There is a general disagreement as to when it was reduced to a written format in Pali language. It can, however, be dated back to at least the 1st century BCE. While writing his commentary on Dhammapada, Buddhaghosa (a Buddhist scholar from 5th century CE) asserted that the Pali text before him was consolidated in the First Council itself held after Parinirvana of Buddha.His commentary known as Atthakatha (Sanskrit: Arthakatha) was written in Anuradhapura, Sri Lanka.

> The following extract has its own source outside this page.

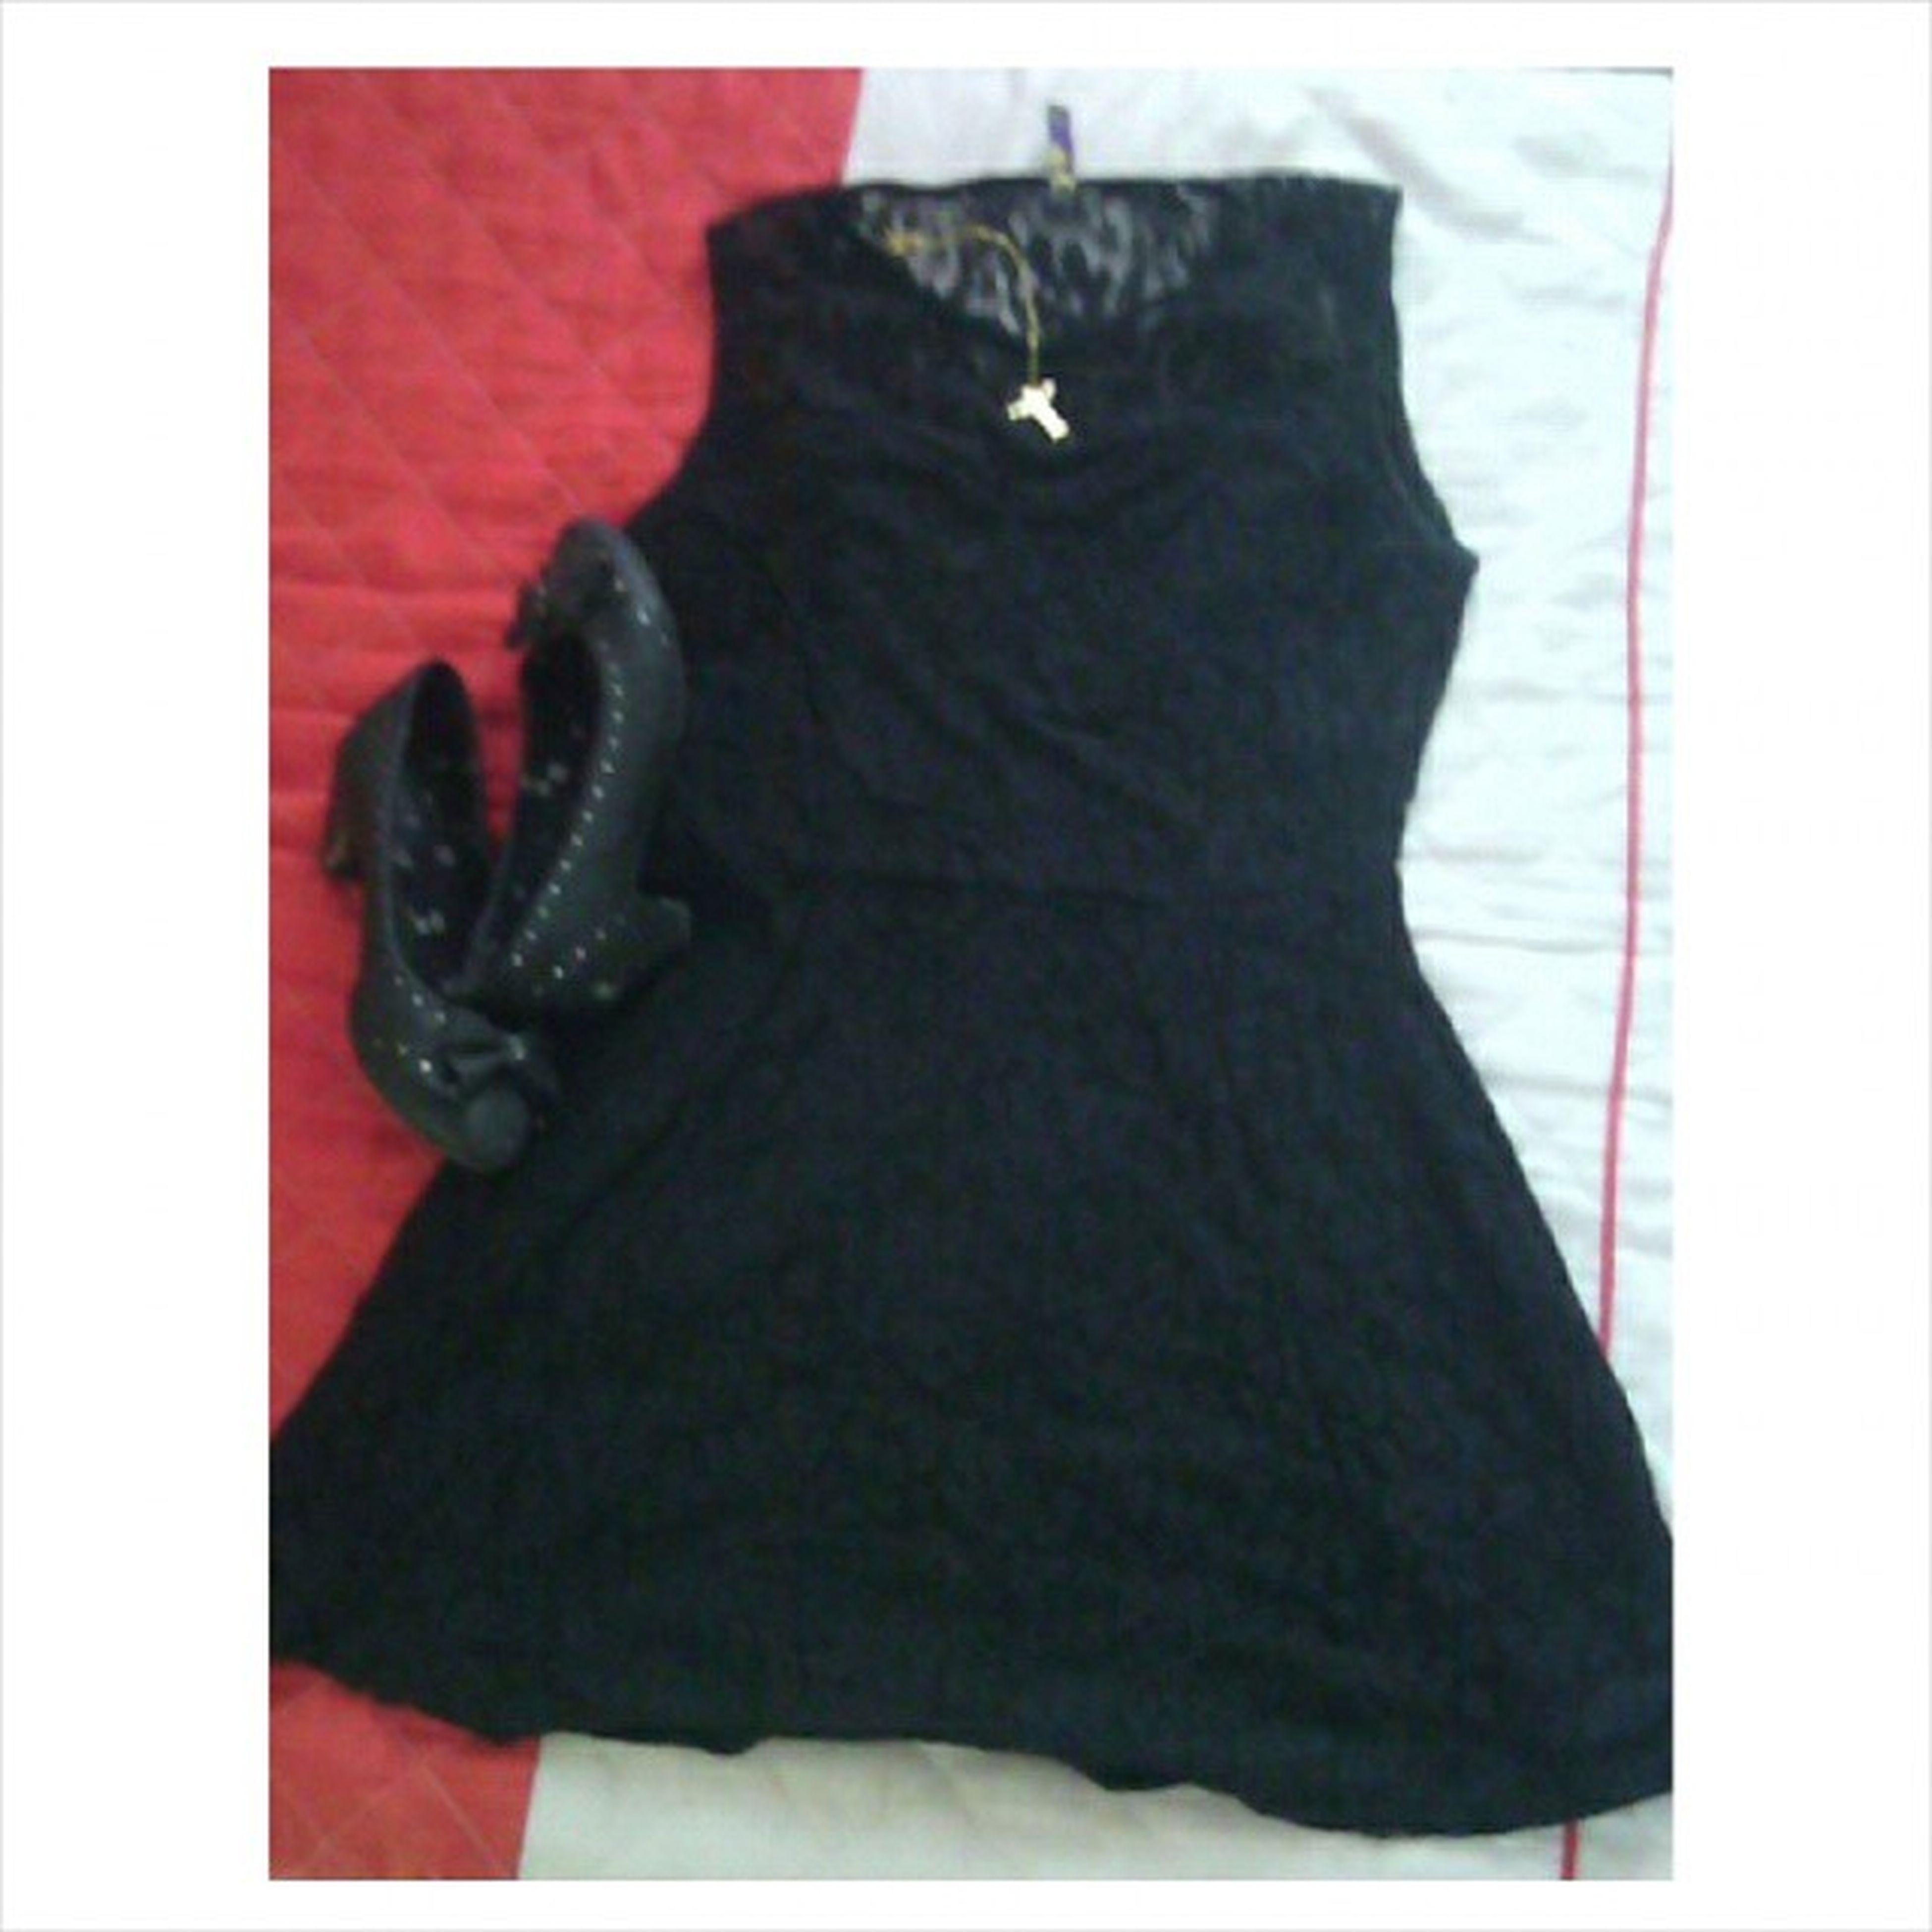 Totalmente cute 👠👗💞💕 Dress Love Maravilhoso LookNight Perfeitinho

While any debate in assigning a date to this manuscript may hold archaeological interest, the teachings of this sacred collection of verses are definitely independent of both time and creed.
Illustrated Buddhist Manuscript Cover

Illustrated Buddhist Manuscript Cover

Translations of this book in various Asian languages are in existence from at least early 3rd century CE when it was translated to Chinese as Shamana (Sanskrit: Shramana ) by Wei Chi Lan and other Buddhist ascetics. Many such extant copies in vernacular languages abound in South, South-east Asian countries, not to mention Tibet.
First Latin translation by Dr Fausböll appeared in 1855, subsequent to which other prominent editions were published by DJ Gogerly, Max Müller etc. While it is nevertheless difficult to convey exactly the beauty and affection of the original stanzas in translation, all such initiatives have only contributed to make Dhammapada widely available among curious readers and scholars alike. In conclusion, nothing could be more apt than recalling the words of Gautama Buddha to his disciple Ananda, “… be ye lamps unto yourselves. Be ye a refuge to yourselves. Betake yourselves to no external refuge. Hold fast to the truth as a lamp. Hold fast as a refuge to the truth. Look not for refuge beside yourselves…” (Rhys Davids, Vol II, 108).